Sher Mohammed, from the small village of Zafarkey, outside of Lahore, Pakistan, wanted to marry his 22-year-old cousin Fazeelat Bibi (left). He came with family members to ask her parents for her hand but they refused as her eldest sister was unhappily married into their family. Members of his family started to threaten her, saying they would destroy her face. On September 28, 2009, a month and a half after the rejected proposal, Fazeelat was on her way home from work at the brick kiln with her brother and elderly father, when five people had jumped out of the crops and Sher Mohammed, the man who wanted to be her husband, sliced off her nose and slashed her ear. Fazeelat's mother died of shock when she saw her daughter maimed and drenched in blood.
    
In the latest spate of bombings sweeping Pakistan, women have yet again become targets. First came the twin suicide bombing on the International Islamic University in Islamabad (20 October, 2009), which included an attack on the women’s canteen. On 28 October, 2009, more than 100 people were killed in the car bombing of a bazaar in Peshawar which was frequented largely by women.
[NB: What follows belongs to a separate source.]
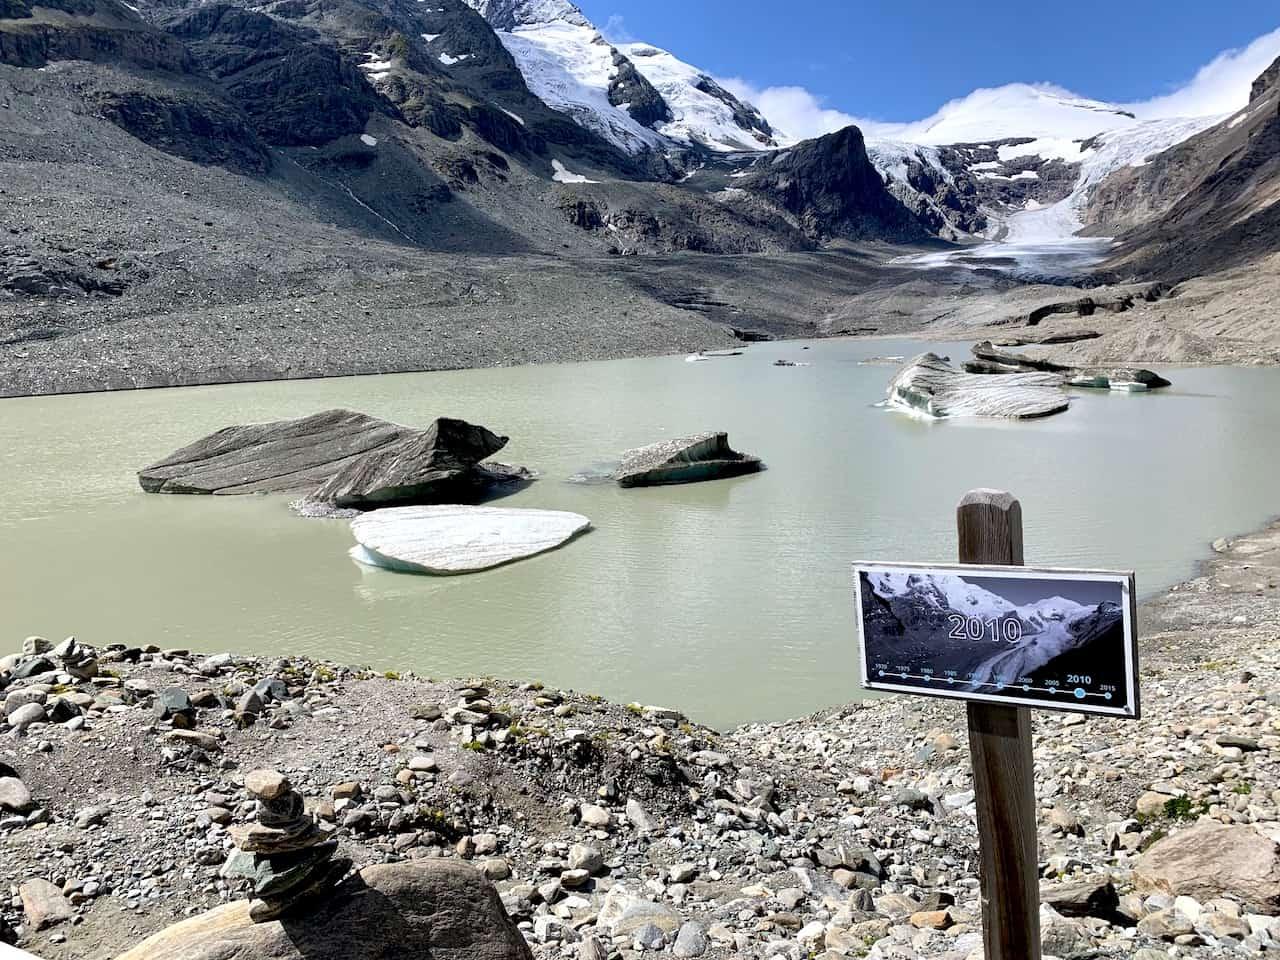 Pasterze Glacier Hiking Trail Sign

The assassination of Benazir Bhutto happened on 27 December 2007 in Rawalpindi, Pakistan. Bhutto was twice Prime Minister of Pakistan from (1988 - 1990 and 1993 - 1996). She was campaigning ahead of elections due in January 2008 and was shot after a political rally at Liaquat National Bagh. A suicide bomb was detonated immediately following the shooting. Bhutto had previously survived a similar attempt on her life that killed at least 139 people, after her return from exile two months earlier.

Target killing of Benazir Bhutto, former Prime Minister of Pakistan, in Rawalpindi on 27 December 2007.
Discriminated by Laws & Ignored / Punished by Upholders of the Law    
Asma Jahangir, the United Nations special rapporteur on freedom of religion and head of the Human Rights Commission of Pakistan, the country’s largest such nongovernmental group was beaten up with batons in the full glare of the news media, her shirt torn off and after he ritual public humiliation was over, she and others were dragged screaming and protesting to police stations all for the so called crime of attempting to organize a symbolic mixed-gender mini-marathon on May 14, 2005. Tensions boiled over, as Islamist groups and supporters of the political Islamist alliance Muttahida Majlis-e-Amal (MMA) armed with firearms, batons and Molotov cocktails, violently opposed the race, and Jahangir received especially rough treatment from local police and intelligence agents. A police officer told Jahangir that they had orders to be strict and to tear off the participant’s clothes.